WHAT THE TASK REQUIRES:
Repeat the records below exactly from the line containing "Carlos Espindola Encargado" to the line containing "协调会会议纪要范文范文.doc", taking in both of those lines. Drop the pictures.

DATASET:

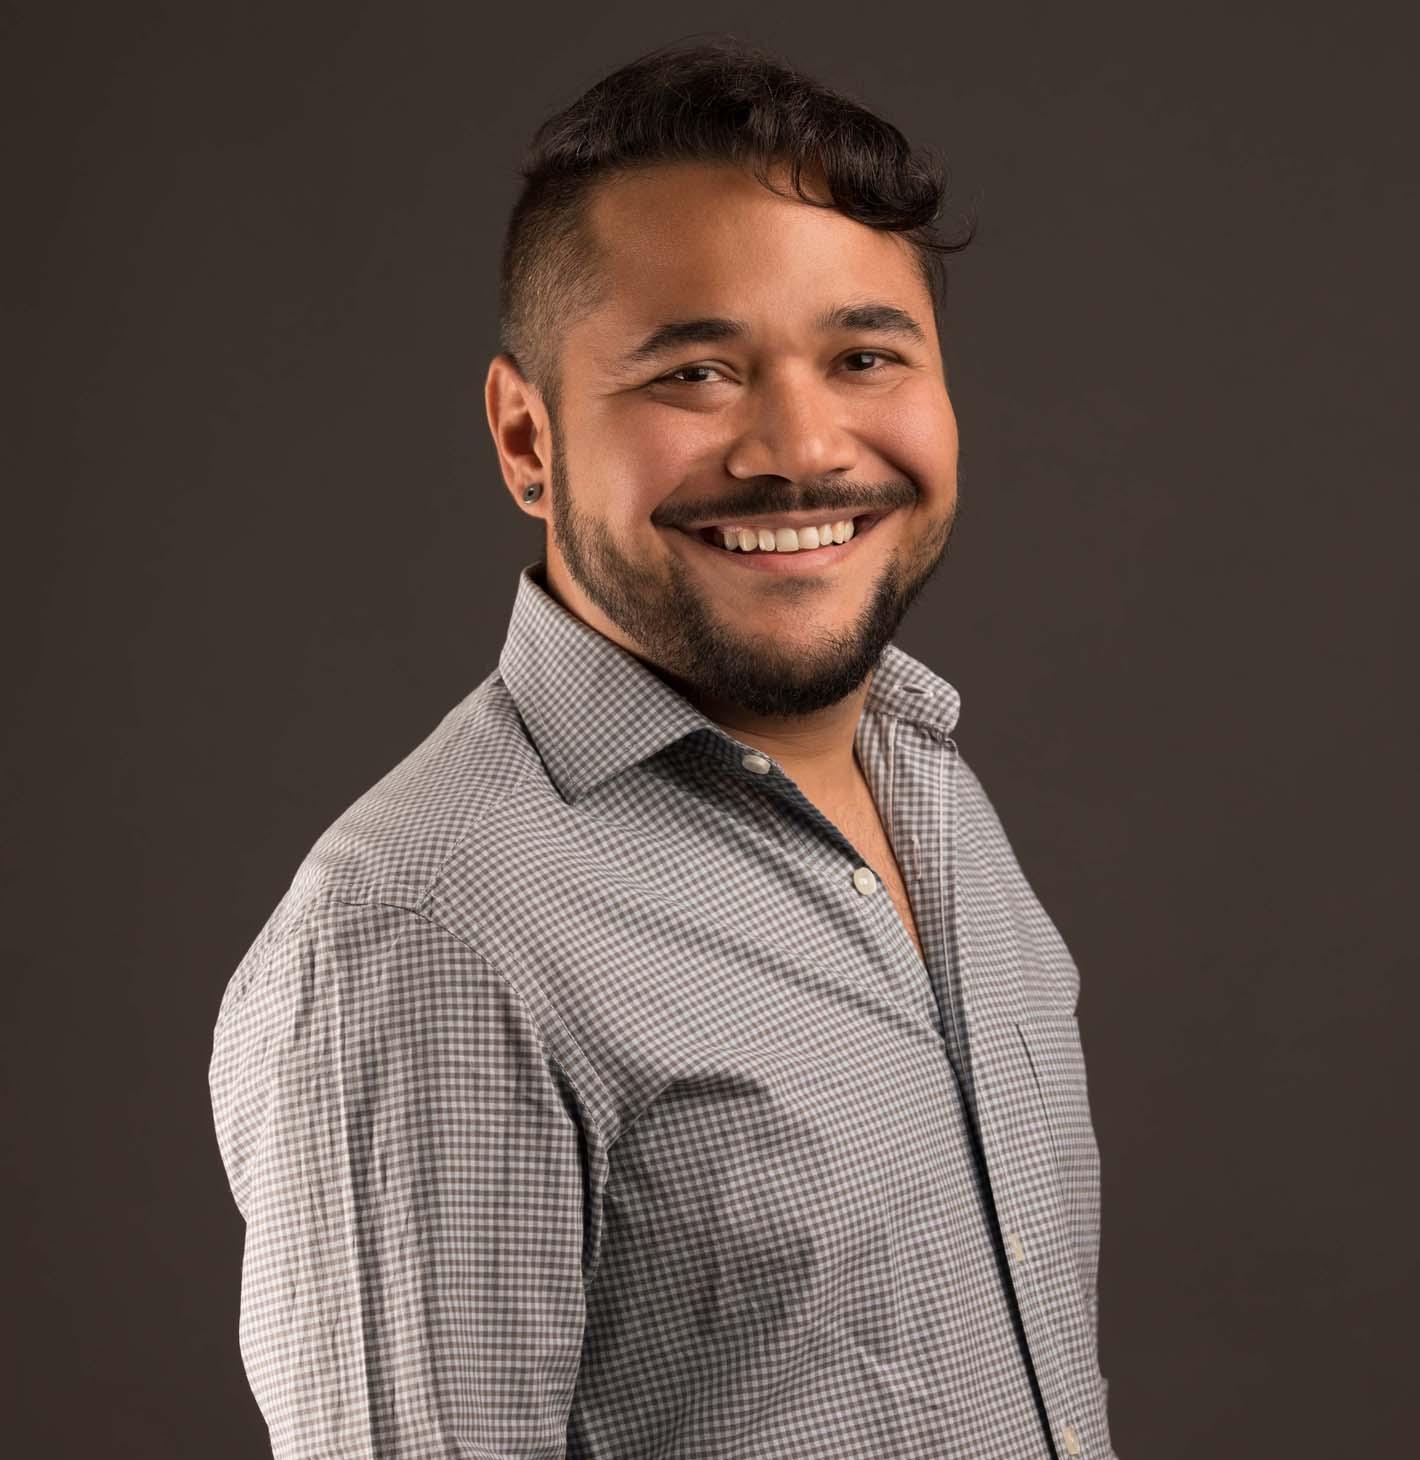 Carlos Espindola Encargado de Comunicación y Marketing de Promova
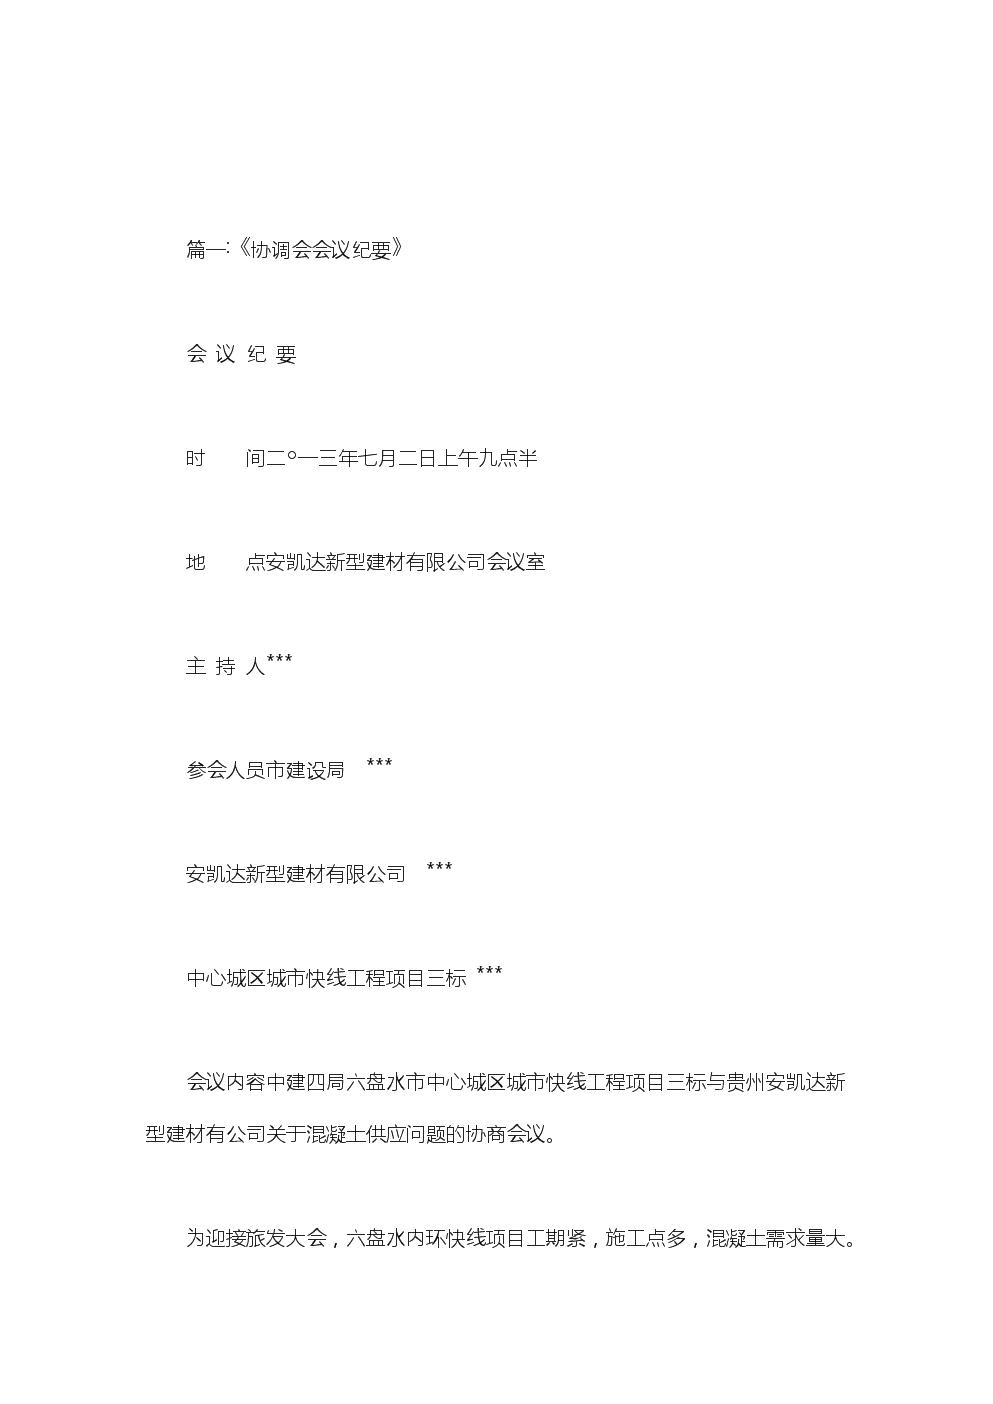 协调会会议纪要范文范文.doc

...

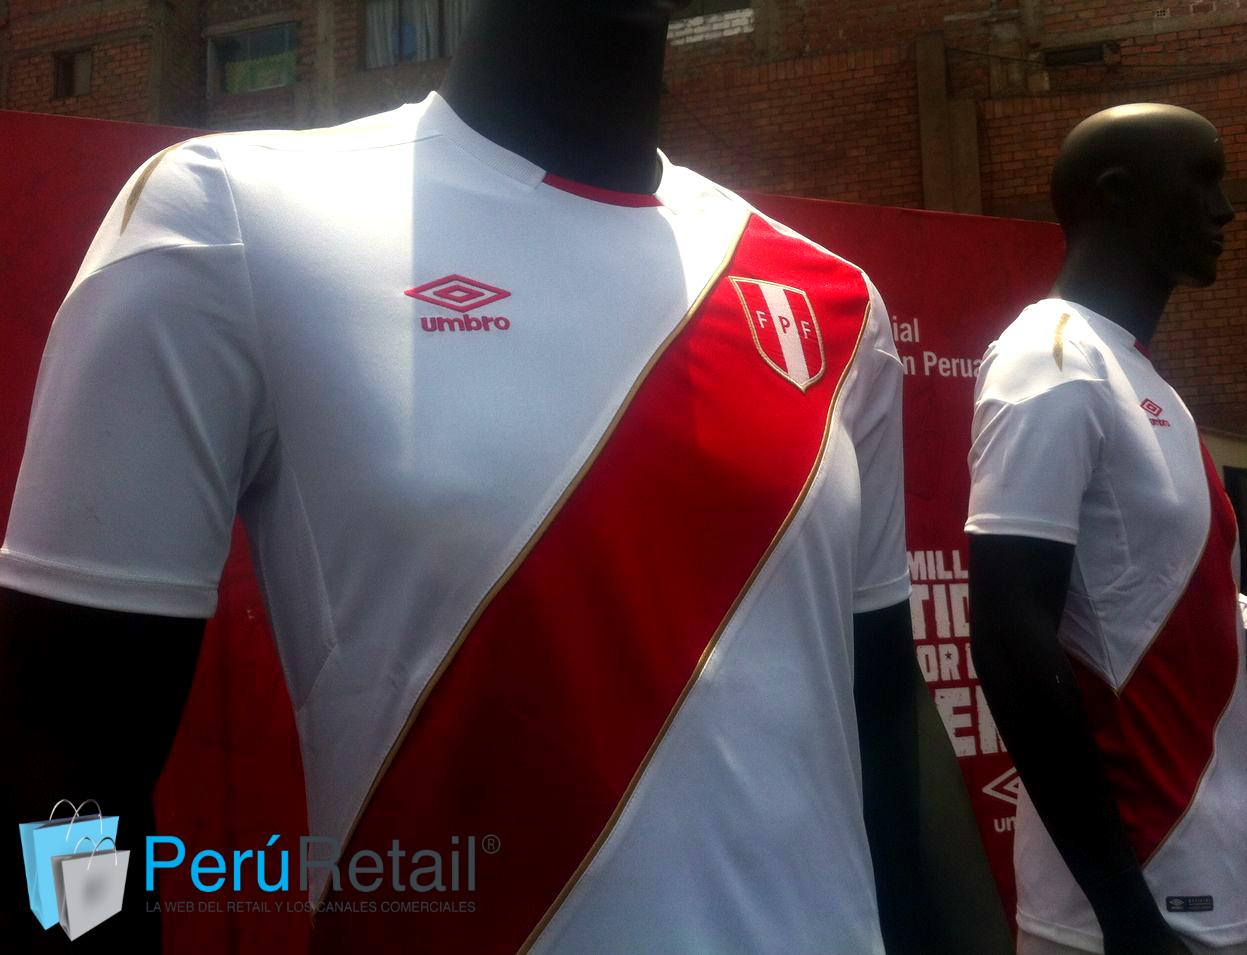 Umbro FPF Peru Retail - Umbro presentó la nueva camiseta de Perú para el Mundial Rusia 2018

EXPECTED OUTPUT:
 Carlos Espindola Encargado de Comunicación y Marketing de Promova
 协调会会议纪要范文范文.doc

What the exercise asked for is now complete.